В глазах Анны вовсю блестели искорки счастья.

— «Илевен Мэдисон Парк» в десять вечера, красотка. Бро там будет, — уверенно произнес Пипи.

— Билл? — сверкнула глазами она.

Образ Эмили, словно липкое наваждение, продолжал подавлять разум Билла. Он бездушно размывал само существование Анны и вызывал жуткое чувство вины, страха… страха ее потерять. Билл не хотел отпускать Эмили, не хотел никого слушать и не переставал надеяться, что все как-нибудь да исправит.

— В воскресенье в десять, — понимая, что сейчас лучше соврать, а потом все отменить, уверенно произнес он.

— Синди обзавидуется! Ой! Я это вслух, да? — Анна суетливо достала смартфон. — Так, мне в дамскую комнату. — Она окинула взглядом удивленных друзей. — Срочно…

Анна быстро развернулась и почти бегом бросилась в туалет.

— Пипи, мать твою, ты чего творишь?

— Бро, не гони. Пипи знает, как разруливать дерьмо, — вновь скрестил руки и растопырил пальцы рэпер. — Просто развейся, чувак… Полегчает… Оки-чпоки?

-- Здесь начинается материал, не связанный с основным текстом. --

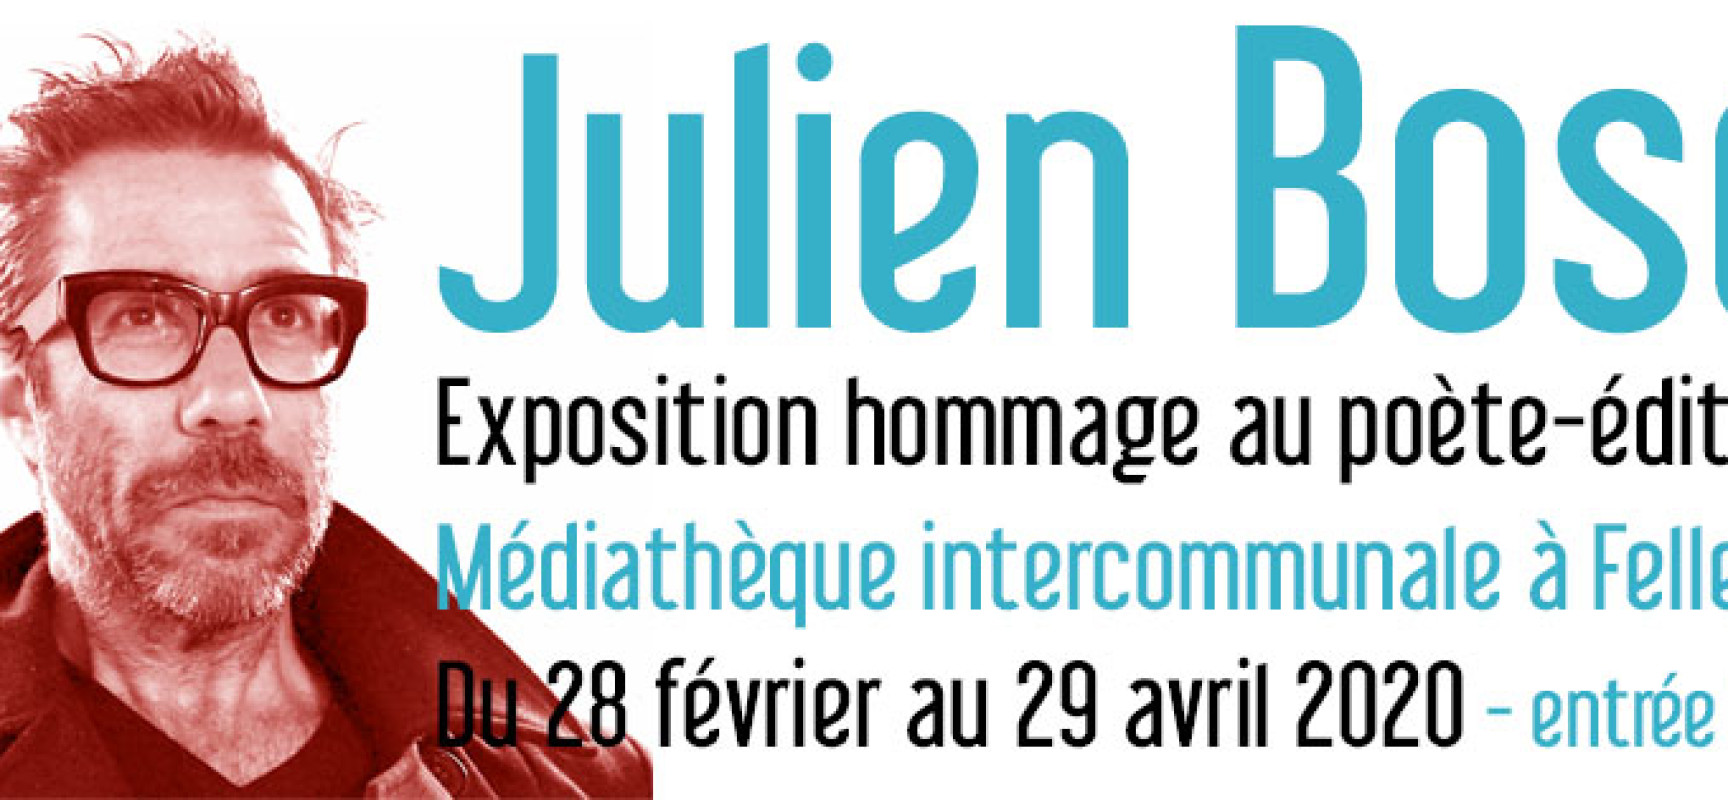 [Exposition] Julien Bosc – hommage au poète-éditeur du 28 février au 29 avril 2020

— Да не могу я перестать о ней думать, как тебе еще это сказать-то?

— Оки-чпоки, бро? — Пипи смотрел на друга непреклонным взглядом.

— Ай, ладно, все равно не отвяжешься, — понимая, что Пипи и мертвого из могилы поднимет, вновь слукавил Билл.

— Во, это другой базар, бро. Другой базар…


Яркое октябрьское солнце, что уже полностью освободилось из плена назойливых облаков, ослепляло. Смешивалось с отражениями серых небоскребов и ровными кругами от прыгающих по воде плоских камешков расползалось по лазурной глади водоема Центрального парка. Уютный шелест еще не опавшей листвы золотистых осин и огненных кленов ласкал слух, а тихий хруст мягкой подстилки из опавших пестрых листьев, как и пение птиц вдалеке, приятно успокаивал. Эмили сделала еще один взмах рукой и, запустив очередной камешек в, казалось, оживающее от этих отскоков озеро, облокотилась спиной о дерево.

Сейчас она, как никогда раньше, понимала, что это, возможно, единственный шанс, который выпадает только раз в жизни. Эмили будто сливалась с этим осознанием, с этой уверенностью, что если она дойдет до конца, то не просто поможет людям и гарантированно получит должность мечты, но и вырастет в глазах Лукреции. Станет кем-то… кем-то, кого она уважает. Но цена… Плата за эту мечту — другая. Счастье с человеком, образ которого она рисовала в голове перед сном годами. С тем самым любимым, что наконец подарит семью. Новую. Ту настоящую, искреннюю, светлую, наполненную заботой и теплом, которого у нее так давно не было… и не будет. Никогда не будет после того, как все узнают, на что ей пришлось пойти, по их мнению, ради повышения. А то, что об этом узнают все, Эмили почему-то не сомневалась.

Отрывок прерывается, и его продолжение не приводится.